19) Я проснулся очень рано и, готовя себе завтрак и размышляя обо всех тех людях, которые не пишут, вдруг понял, что на самом-то деле девяносто девять процентов человечества предпочитает – совершенно в духе Бартлби – «отказаться», то есть предпочитает ничего не писать.

Судя по всему, эта сногсшибательная цифра в буквальном смысле вывела меня из душевного равновесия. Я занервничал и принялся делать разные телодвижения и жесты, какие иногда делал Кафка: ощупывал себя, потирал руки, хватался за голову, валился на пол, прыгал, подкидывал вверх или ловил что-то незримое…

Вспомнив Кафку, я вспомнил и Голодаря – героя одного из его рассказов,[57] который категорически отказывался принимать пищу, потому что вынужден был голодать – не мог без этого обойтись. Я размышлял над тем местом, когда инспектор спросил его, а почему, собственно, он не может без этого обойтись, а Голодарь поднял голову и сказал инспектору на ухо, чтобы тот получше расслышал, что не может не голодать, потому что ему до сих пор не удалось найти еду по вкусу.

И на память мне пришел еще один художник направления Нет, тоже из рассказа Кафки.[58] Я подумал о воздушном гимнасте, который избегал касаться ногами пола и поэтому день и ночь проводил на трапеции, отказываясь спуститься вниз; иначе говоря, он двадцать четыре часа в сутки сидел наверху – напомню кстати, что Бартлби никогда не покидал свою контору, даже по воскресеньям.

Я вдруг решил, что хватит думать об этих столь очевидных представителях направления Нет. Но все равно ничуть не успокоился, что-то продолжало меня грызть. И я сказал себе: видимо, мне просто необходимо проветриться, видимо, мне стало мало дежурного обмена приветствиями с консьержкой, разговоров о погоде с киоскером или отрывистого «нет» на вопрос кассира в супермаркете, есть ли у меня кредитная карта.

Мне пришло в голову, что хорошо было бы побороть свою извечную застенчивость и провести небольшой опрос среди самых обычных людей, чтобы выяснить, кто из них и почему не пишет и какой «дядя Селерино» припасен у каждого.

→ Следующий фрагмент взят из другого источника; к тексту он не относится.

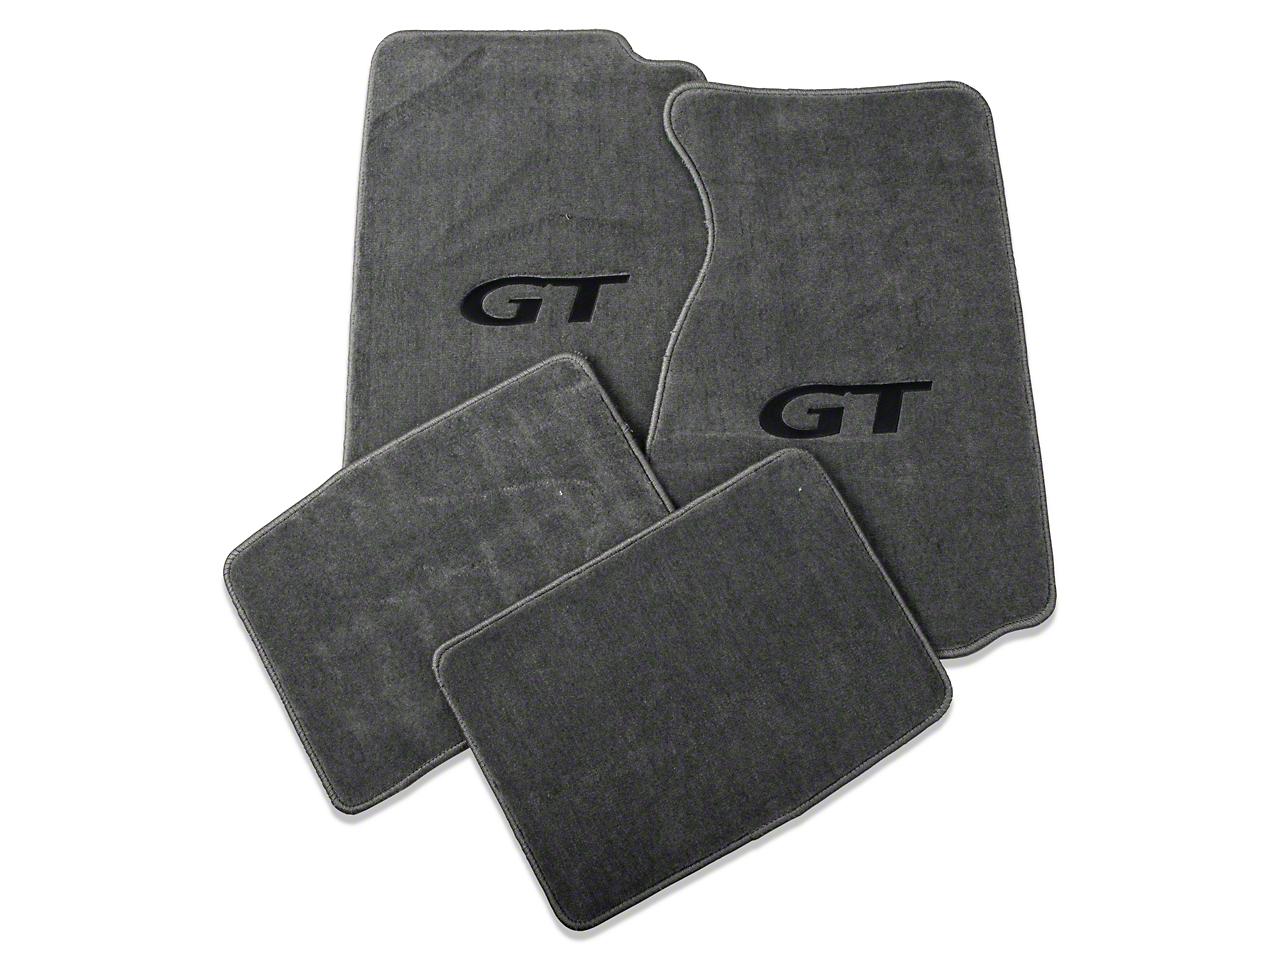 Lloyd Gray Floor Mats - Coupe - GT Logo (94-98 All)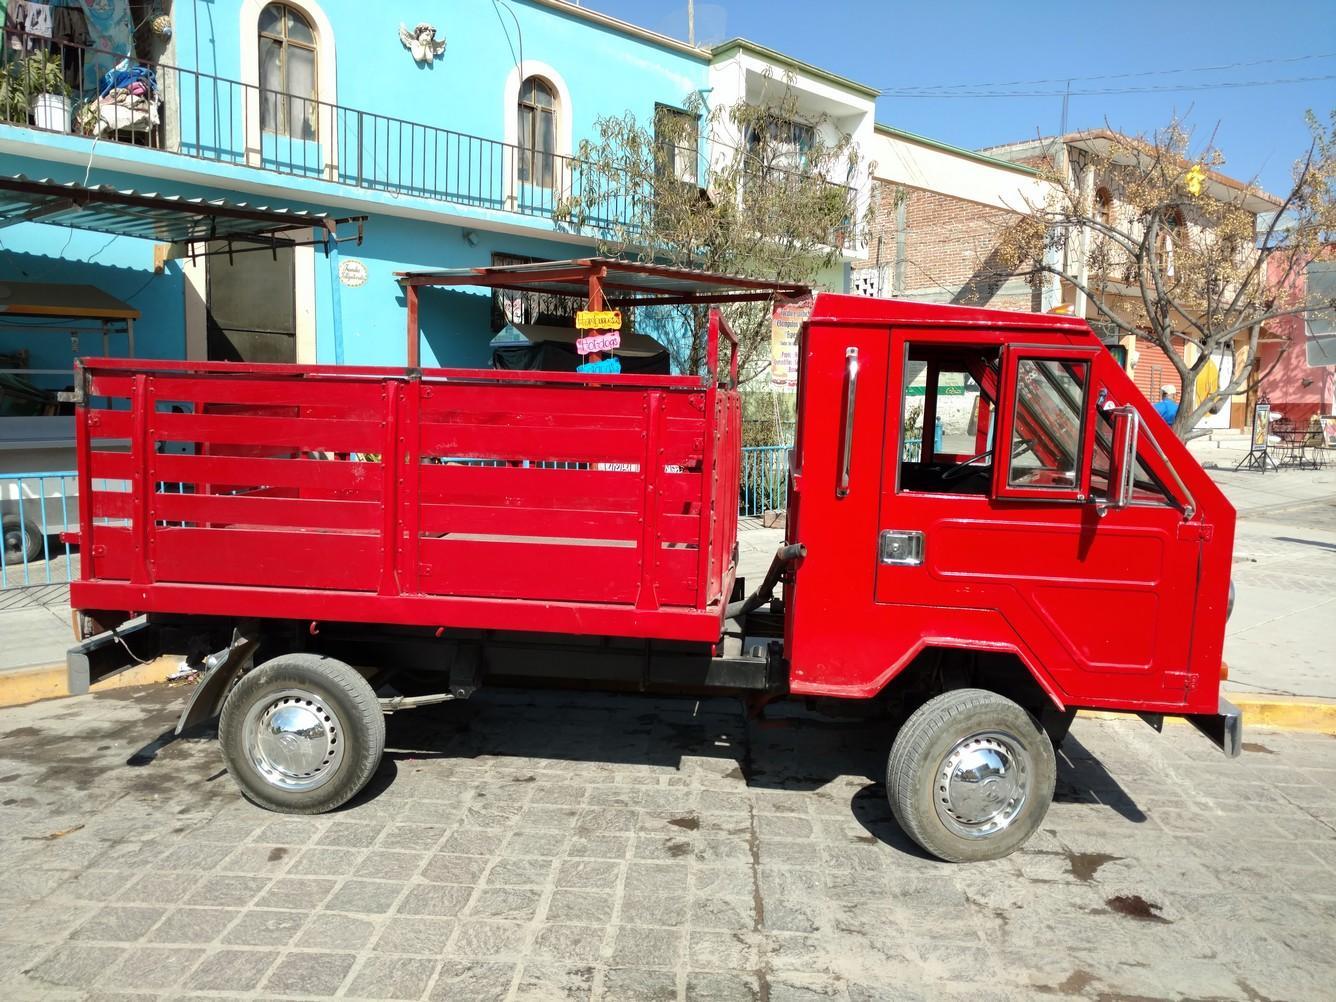 VW Truck2 Dolores Hidalgo 2017

Итак, около полудня я стоял у газетного киоска, расположенного на ближайшем от моего дома углу. Какая-то женщина рассматривала суперобложку книги Росы Монтеро.[59] Я шагнул к ней и после короткого вступления – чтобы наладить контакт и завоевать доверие – огорошил вопросом:

– А сами вы почему не пишете?

Женщинам порой свойственна поразительная логика. Эта глянула на меня с удивлением, потом улыбнулась и сказала:

– Вот это мне нравится! Ну-ка, скажите сами, а почему, собственно, я должна писать?

Киоскер слышал наш разговор и, когда женщина удалилась, подмигнул мне:

– А вы времени даром не теряете!

Меня разозлил его одобрительный взгляд. Поэтому я решил и его тоже включить в круг опрашиваемых и задал тот же вопрос

– Почему вы не пишете?

– Я предпочитаю книги продавать, – был ответ.

– Это легче, да? – спросил я, начиная заводиться.

– Не в том дело. Мне, если угодно и если хотите знать правду, больше нравилось бы писать по-китайски, я люблю складывать цифры, зарабатывать деньги.

От такого признания я опешил:

– Что вы имеете в виду?

– А вот что: родись я в Китае, мне и вовсе не было бы нужды писать. Китайцы, они ведь настоящие мудрецы, рисуют свои буквы в столбик – сверху вниз, как будто для того, чтобы потом было проще подсчитать сумму написанного.

Ему удалось-таки вывести меня из терпения. Да еще жена, стоявшая рядом, расхохоталась над шуткой мужа. В отместку я купил у них на одну газету меньше, чем обычно, а потом решил и ужены тоже поинтересоваться, почему она не пишет.

Она с задумчивым видом помолчала, и у меня забрезжила надежда на то, что ее ответ окажется более вразумительным. Наконец она вымолвила:

– Потому что не умею.

– Не умеете что?

– Писать.

Тут мне окончательно расхотелось продолжать свои опросы. Что ж, отложим до завтрашнего дня. Вернувшись домой, я обнаружил в одной из газет удивительные заявления Бернардо Ачаги:[60] баскский писатель без лишнего лукавства так прямо и признавался, что писать ему неохота: «После двадцати пяти лет, проведенных в седле, как выражаются у нас певцы, все труднее найти в себе охоту писать».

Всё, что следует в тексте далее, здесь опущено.